Duplicate rows found
Number of duplicate rows=  4866
Dropping duplicates

(132799, 2)


In [None]:
# download the library to for the nltk functions to use in the cleaning process
nltk.download('stopwords')
nltk.download('punkt')
nltk.download('wordnet')

[nltk_data] Downloading package stopwords to /root/nltk_data...
[nltk_data]   Unzipping corpora/stopwords.zip.
[nltk_data] Downloading package punkt to /root/nltk_data...
[nltk_data]   Unzipping tokenizers/punkt.zip.
[nltk_data] Downloading package wordnet to /root/nltk_data...


True

In [None]:
set_config(transform_output="pandas")

wnl = WordNetLemmatizer()


# Function for cleaning and tokenize the headline
def tokenize(doc):
    document = doc.lower()  # convert the content of the headline to lowercase
    document = re.sub(r'\d+', '',
                      document)  # remove all of the digits inside of the content (using regular expressions)
    document = document.translate(str.maketrans('', '', string.punctuation))  # remove the puntuations (, . ! # ...)
    document = document.strip()  # remove the spaces at the start and end of the headline
    return [wnl.lemmatize(token) for token in word_tokenize(document) if token not in stopwords.words('english')]
    # tokenize the headlines
    # and then filter only the words that are not in the english stopwords (words that are commonly used and give no benifits to the classifier)
    # and finally lemmatize all of the tokens


# The preprocess pipeline
preprocessor = Pipeline([
    ('vect', CountVectorizer(tokenizer=tokenize)),  # passing custom tokenizer method for the CountVectorizer to use
    ('tfidf', TfidfTransformer()),
])

tfidf_dataset = preprocessor.fit_transform(dataframe["TITLE"].values)  # process the training dataset



## 5. Model Implementation and Evaluation
### 5.1. Label Encoder

In [None]:
le = LabelEncoder()
class_label = le.fit_transform(dataframe["CATEGORY"])
# list(le.classes_)
class_label

array([0, 0, 0, ..., 1, 1, 1])

In [None]:
X_train, X_test, y_train, y_test = train_test_split(
    tfidf_dataset.toarray(),
    class_label,
    test_size = 0.3,
    random_state=42
)

### 5.2 Decision Tree Classifier

In [None]:
dt_classifier = DecisionTreeClassifier(criterion="gini", splitter="best")
dt_classifier.fit(X_train, y_train)
dt_predictions = dt_classifier.predict(X_test)

# Evaluation
print("accuracy score of Decision Tree:")
print(accuracy_score(y_test, dt_predictions))

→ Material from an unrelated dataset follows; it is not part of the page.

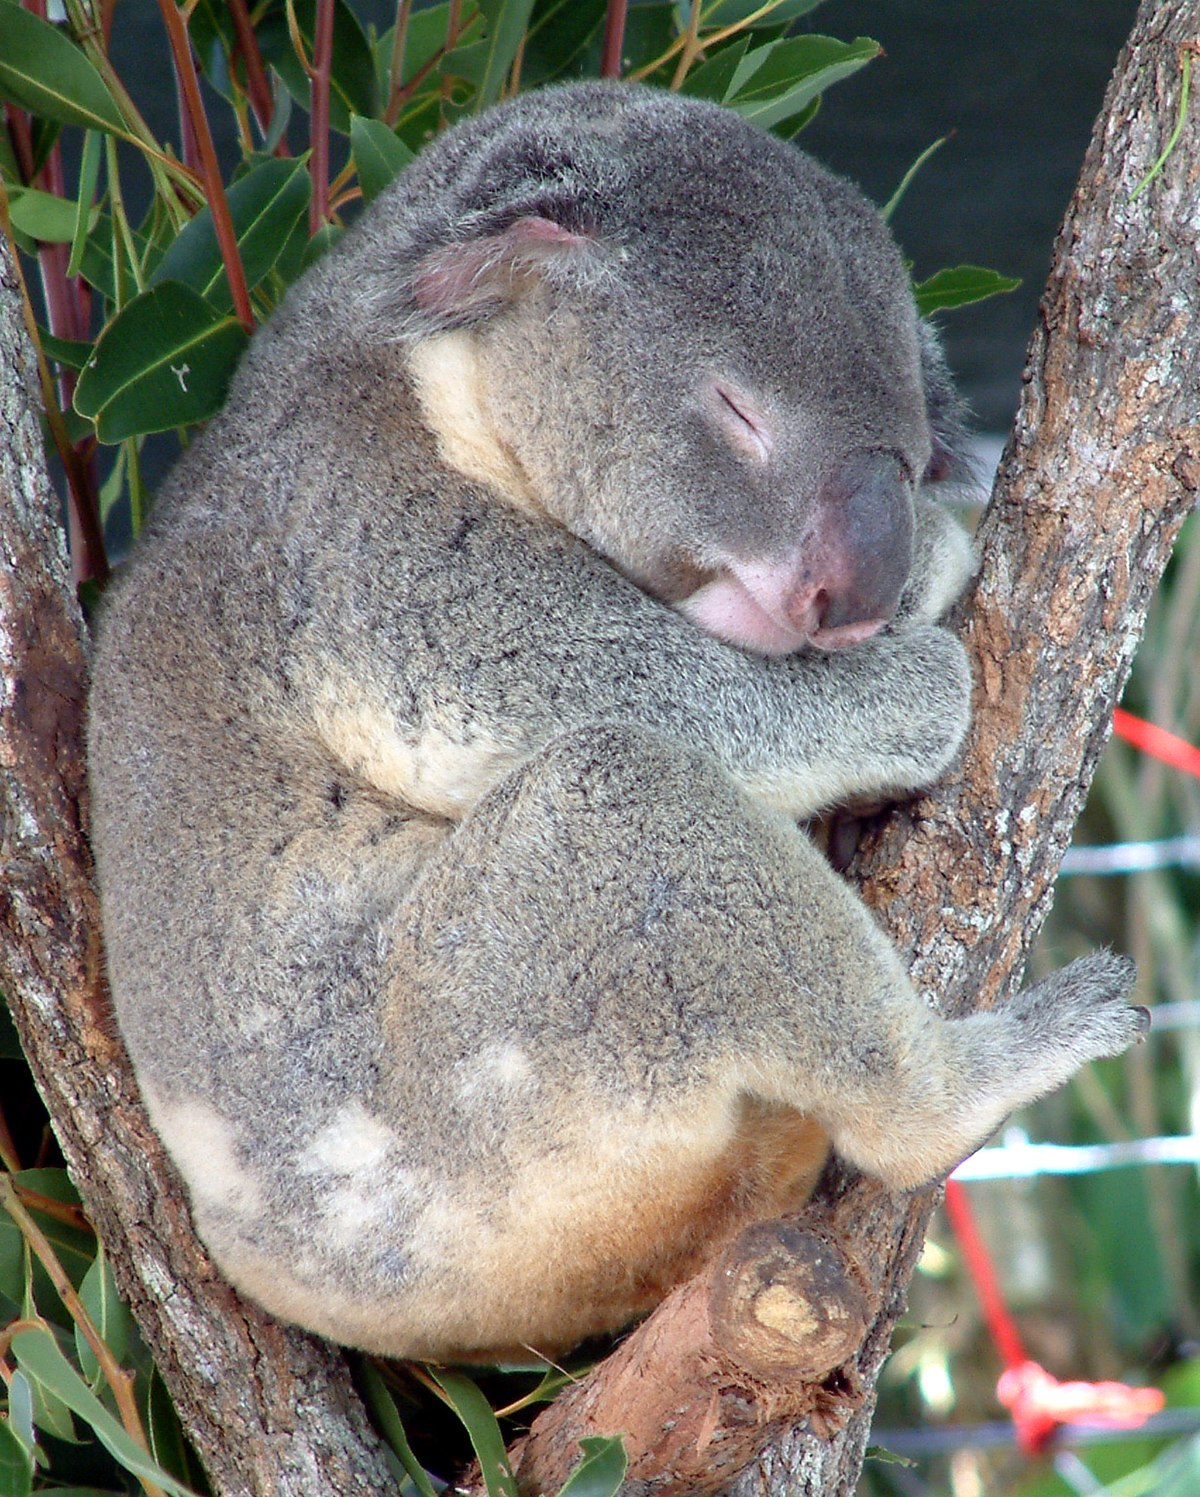 File:Australia Cairns Koala.jpg - Wikipedia
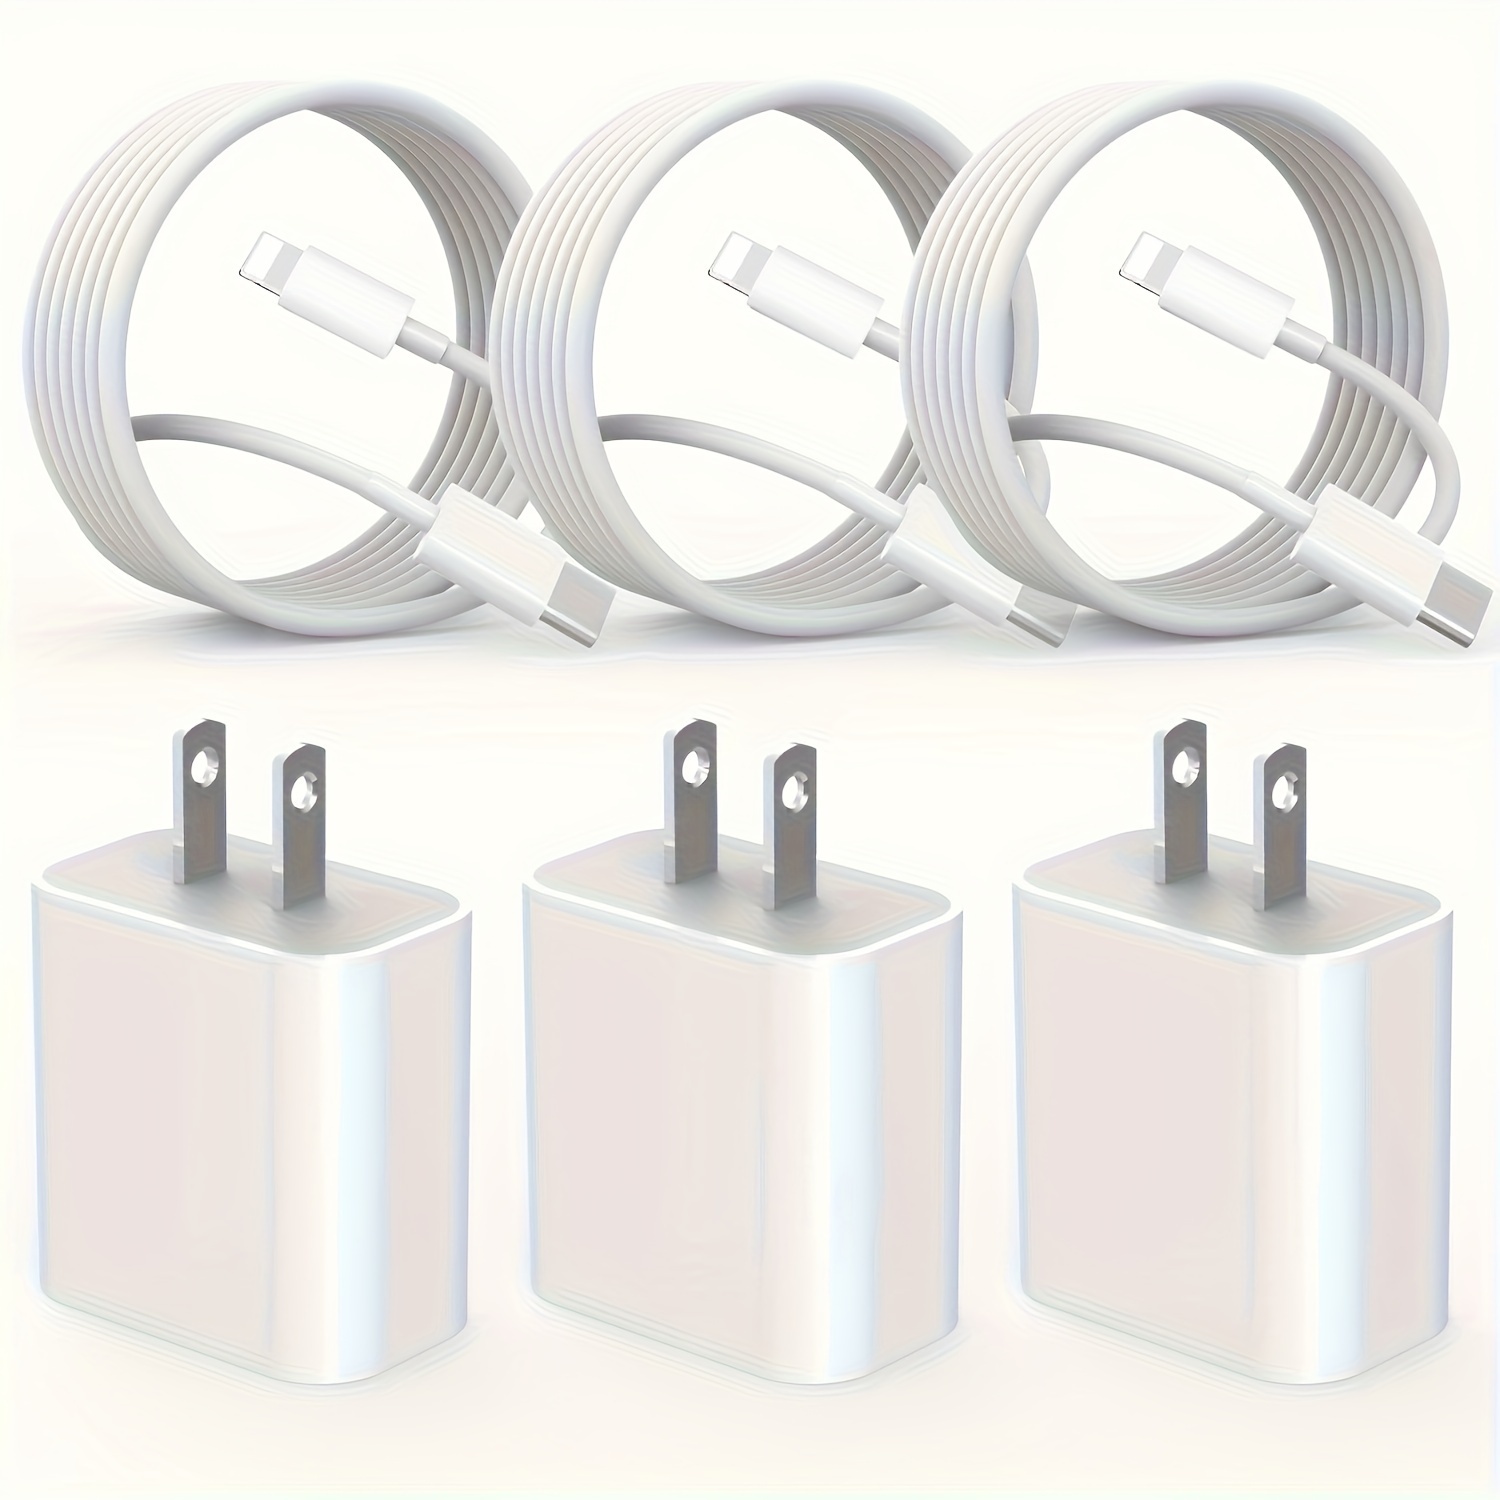 Cargador de iPhone de carga rápida [certificado Apple MFi] 20 W USB C  bloque de carga con cable Lightning tipo C de 6 pies - Cable adaptador PD  de

accuracy score of Decision Tree:
0.9151606425702812


### 5.3 Multinomial Naive Bayes Classifier

In [None]:
nb_classifier = MultinomialNB()
nb_classifier.fit(X_train, y_train)
nb_predictions = nb_classifier.predict(X_test)

# Evaluation
print("accuracy score of Multinomial Naive Bayes:")
print(accuracy_score(y_test, nb_predictions))

accuracy score of Multinomial Naive Bayes:
0.9354166666666667


### 5.4 Artificial Neural Network

In [None]:
nn_classifier = MLPClassifier()
nn_classifier.fit(X_train, y_train)
nn_predictions = nn_classifier.predict(X_test)

# Evaluation
print("accuracy score of Artificial Neural Network:")
print(accuracy_score(y_test, nn_predictions))

accuracy score of Artificial Neural Network:
0.9492720883534137


## 7. Conclusion
In this project, we explored three machine learning models - Decision Tree, Multinomial Naive Bayes, and Artificial Neural Network - for news headline classification. Each model brought unique strengths to the task:

- The Decision Tree likely offered a clear, interpretable model but might have faced limitations in handling complex text data.
- The Multinomial Naive Bayes, often effective for text classification, probably performed well due to its simplicity and efficiency.
- The Artificial Neural Network, with its advanced pattern recognition capabilities, was expected to provide the highest accuracy.

While each model has its advantages, the choice often depends on the specific requirements and nature of the dataset. Future work could focus on further tuning these models, exploring advanced techniques like deep learning, and experimenting with different feature extraction methods for improved accuracy.